Both HUD and Chicago's mortgage companies are frantically trying to forestall that possibility.

78,000 houses. Judge Will made his charges in a class suit against HUD, its officers, and mortgage bankers and lenders, by Mrs. Johnnie D. Brown, whose FHA mortgage was foreclosed in 1972.

Mrs. Brown, a mother of six who is still living in her $24,200 house, missed one monthly payment to the mortgage company because of a hospital stay, a loss of work and a delay in the delivery of her aid-to-dependent-children check. After notifying the company of the delay, Mrs. Brown made up her late payments and penalties but refused to pay $525 in legal fees. The company filed for default.

In denying a motion to dismiss HUD or its officials from the case the mortgage companies were dismissed-Judge Will blasted the department's handling of the entire mortgage-subsidy program. As of last April, the program had left HUD as the owner of 78,000 foreclosed houses-2,200 of them in Chicago. Another 5,000 foreclosures were then expected.

Warning. The judge pointed out that HUD has become by far the largest owner of abandoned slum buildings in the Chicago area, and he observed:

"If HUD had consciously and deliberately set out to frustrate the Congressional purpose and sabotage the (FHA) program, it could hardly have done so more effectively short of simply refusing to carry it out."

The judge then warned that, if it is proved that HUD did not enforce its guidelines, the HUD policy constitutes "an abuse of discretion in violation of the National Housing Act." This abuse of discretion, he further cautions, is actionable.

Defense. At the hearing, HUD defended its policy of allowing mortgagees to make foreclosure decisions, subject only to HUD's suggested guidelines. But Judge Will said the existence of HUD's guidelines indicates that Congress intended that HUD protect those in "marginal financial circumstances" from being "thrust . . . into the marketplace." He said HUD apparently "believes its commitment is limited to assisting poor families in acquiring a mortgage but that the commitment somehow evaporates thereafter."

The department "has tragically misled thousands of low-income Americans," the judge said, by its failure to deal with "inevitable temporary crises such as illness (and) temporary unemployment."
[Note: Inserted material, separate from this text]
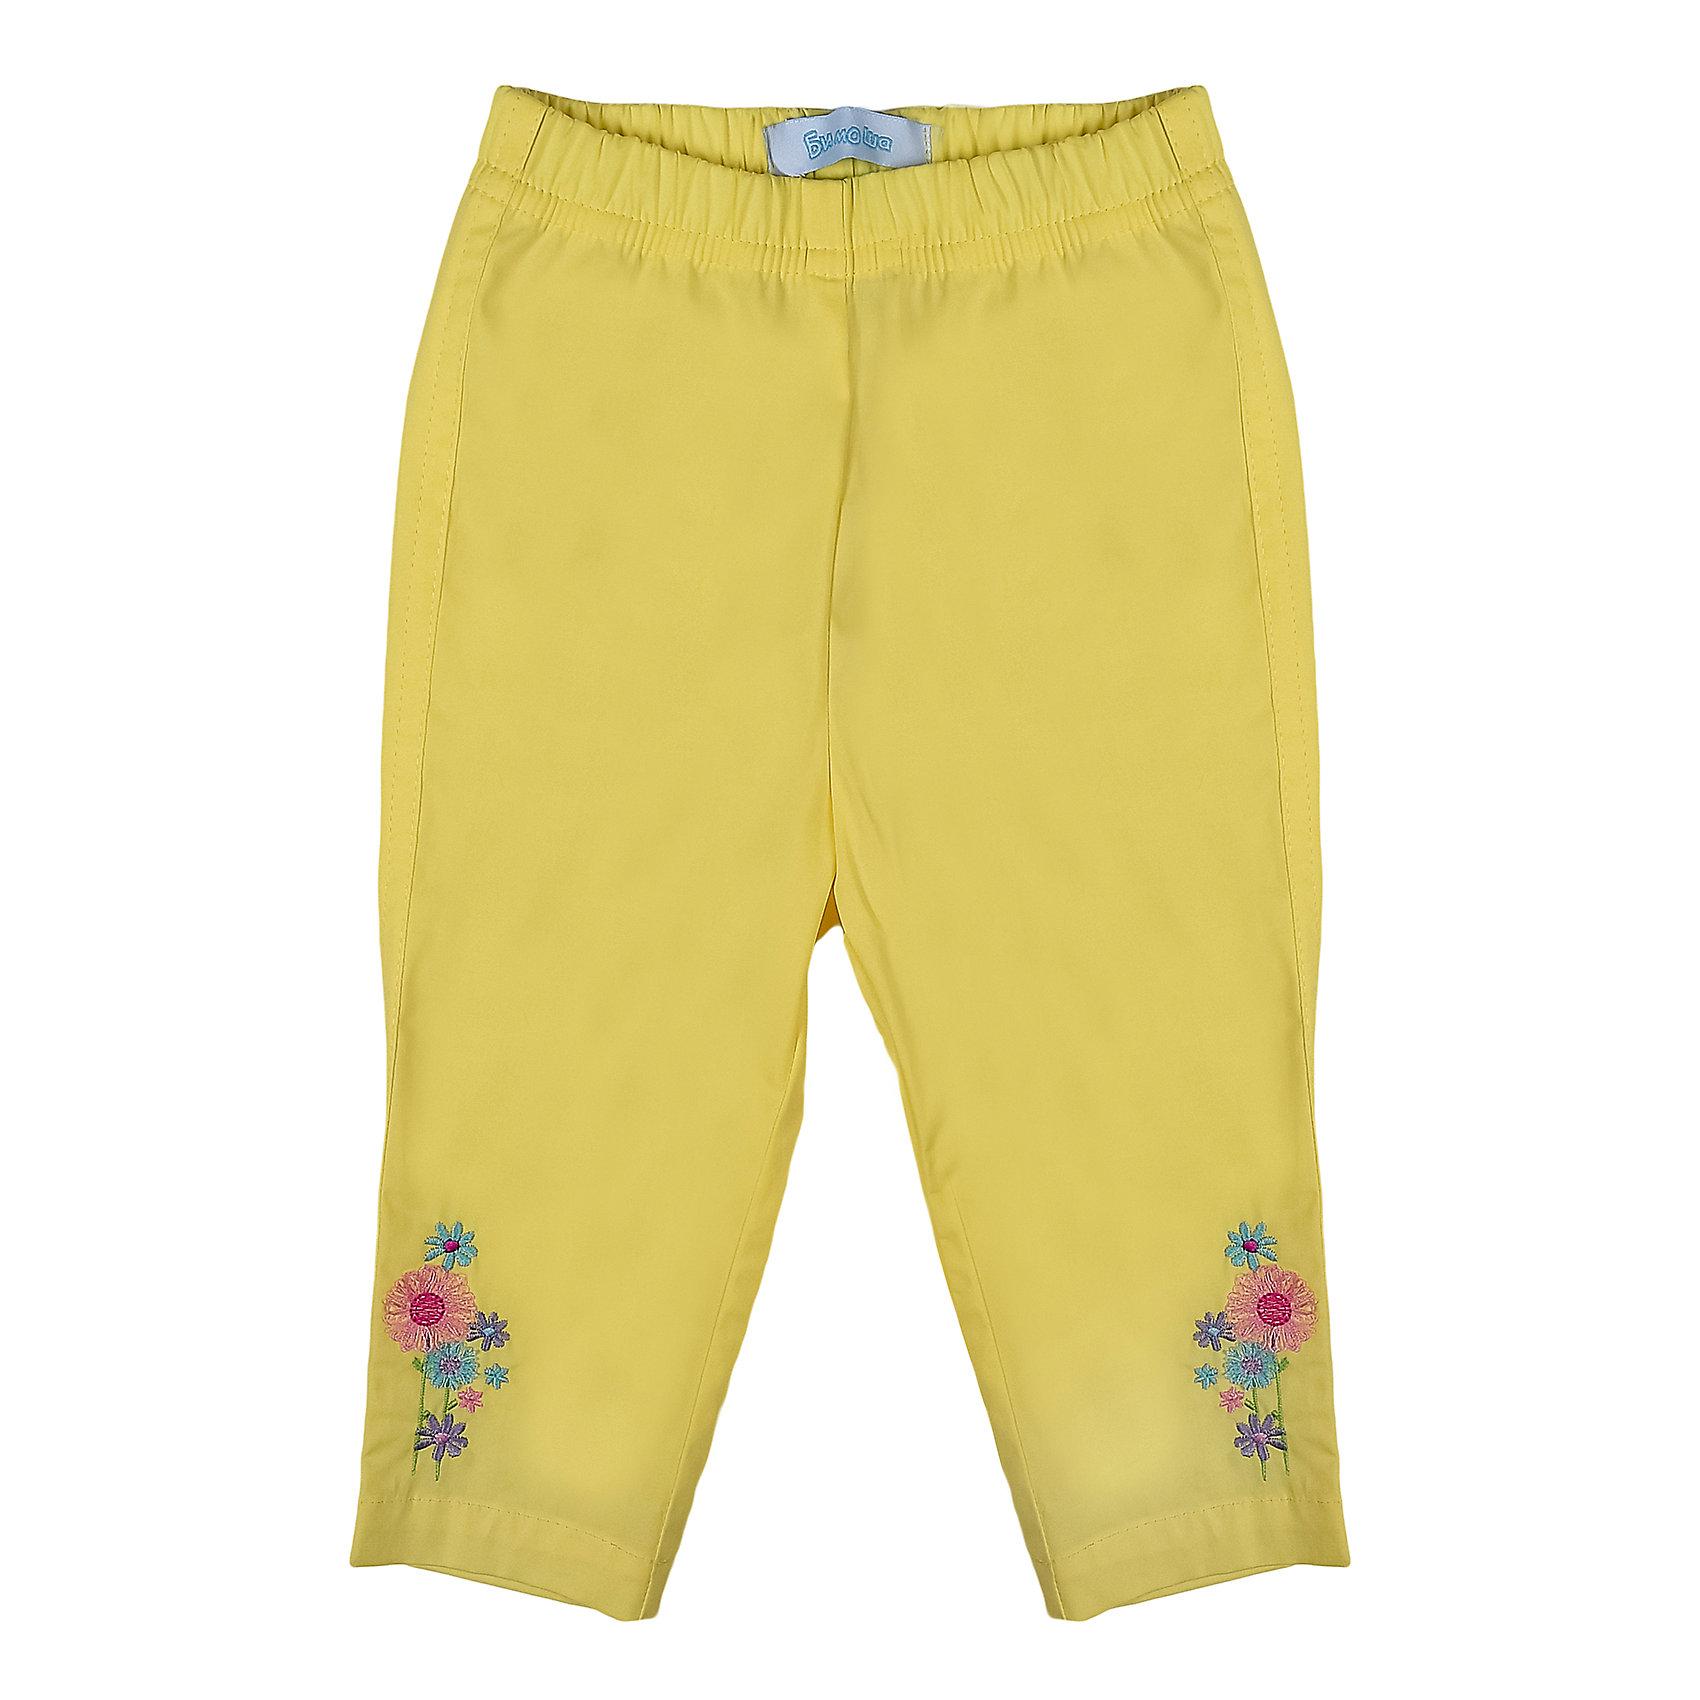 Брюки для девочки БимошаОднотонные зауженные брюки украшены вышивкой, пояс на резинке. Состав: Поплин 97% хлопок, 3% эластан<br><br>Ширина мм: 215<br>Глубина мм: 88<br>Высота мм: 191<br>Вес г: 336<br>Цвет: желтый<br>Возраст от месяцев: 18<br>Возраст до месяцев: 24<br>Пол: Женский<br>Возраст: Детский<br>Размер: 92,86,80,68,74<br>SKU: 4645360

Delays. The case will now go through months of a legal process called "discovery," during which the plaintiff's attorney will try to prove that HUD did violate its own guidelines.

Mrs. Brown's attorneys have added eight homeowners to the case and will add more. They may also appeal the judge's dismissal of the mortgage companies from the suit.

The case could break new ground, for HUD may be forced to reexamine itsas Judge Will puts it-"preoccupation with its commitment to the mortgagees." The judge upheld HUD's contention that due process was not violated in the foreclosure, but that was a small victory when considered along with the suggestion that HUD must enforce its handbook provisions.

Chicago's HUD officials agree that mortgage companies are foreclosing too quickly in some cases, but these officials argue that there is nothing they can do about it.

John Waner, Chicago's regional administrator for HUD, has been accusing many mortgage companies of mercilessly foreclosing on FHA-subsidized mortgages and of ignoring HUD recommendations to counsel homeowners. Waner says that, in 70,000 to 80,000 foreclosures, "I couldn't find five cases where forbearance was granted."

"If a person shows good faith, for God's sake, we should at least give him that one break," Waner insists. "Somebody has got to care."

Lenders' side. A mortgage banker takes a somewhat different view. "Our basic posture is we make loans to people but the basic obligation to make payment is theirs," says Leonard Biglin, vice president of Great Lakes Mortgage in Chicago. "We have an obligation to be fair to them, and to be reasonable when they have a problem. But we don't have a social-welfare obligation to do everything possible to keep them in the house. We are still a lender and they are a borrower.